Centipedes and St. Augustine grass had foliar blight, but foliar blight was not widespread. Seashore paspalum did not develop foliar lesions, but the dry weights of shoots and roots were significantly reduced compared to screening (Figure 5.) Currently, field symptoms of ink spot have only been observed on bermudagrass and zizia grass, the latter of which appears to be more susceptible in the southern U.S. .

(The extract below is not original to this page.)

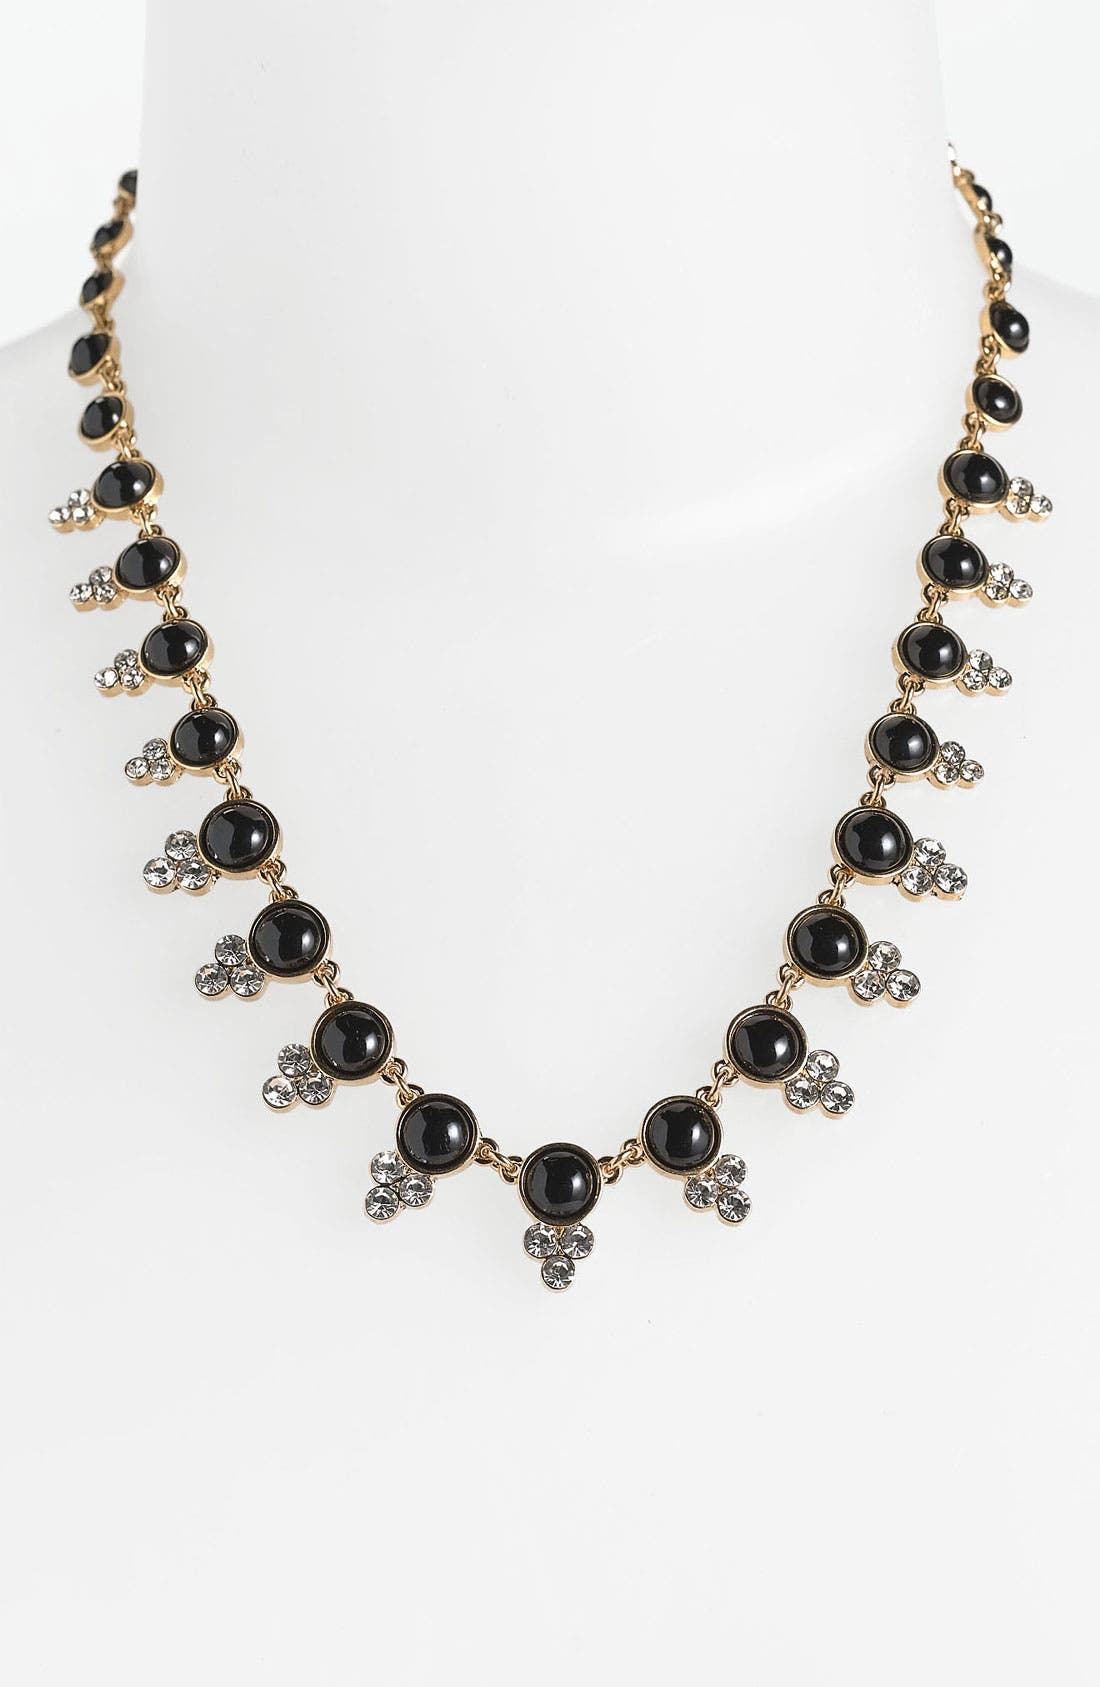 ANNE KLEIN Collar Necklace, Main, color, 001

Golf course superintendents have successfully managed ink spot with labeled fungicides curve Classify. However, efficacy trials that include new generation succinate dehydrogenase inhibitor (SDHI) fungicides as well as fertility studies that include nitrogen source and rates may benefit supervisors trying to reduce inkblot outbreaks caused by C- Berries.

Finance

This research is a contribution from the Mississippi Agricultural and Forestry Experiment Station and the USDA National Institute of Food and Agriculture, Hatch Project under accession number 213130.

Thanks and appreciation

We are grateful to all of the Houston golf course superintendents who provided turf samples for ink stain diagnosis and characterization Corvularia malina.


Research says…

  • A disease affecting warm-season grasses was discovered in the Houston area in the late 2000s.
  • Because the disease’s initial symptoms were spots in the grass ranging from dark brown to black with black leaf lesions, the disease was given the name “ink spot.”
  • Genetic analysis was used to identify the fungal pathogen of inkblot, which was considered a new pathogen and named Corvularia malina.
  • The ink spot is only found at latitude 30 north.
  • More research is needed to identify management practices or products that will reduce or control disease incidence.

Literature cited

  1. Taney, T., and J. B. Baird. 1997. Color Atlas of Turf Diseases, First Edition. Ann Arbor Press, Chelsea, Michigan.
  2. Thomas Peterson, M., J. Young, K., B. L. Vines, and F. J. Hoffman. 2016. Corvularia malina sp. November. A new disease affecting warm-season grasses in the southeastern United States. mycology 108(5):915-924.
  3. the forest. M.2016. Dog imprinting and susceptibility of grass to this disease. Viridescent: Asian Turf Center Blog. September 19, 2016.

Maria Tommaso Peterson is a research professor of plant pathology at Mississippi State University, Mississippi State, Miss.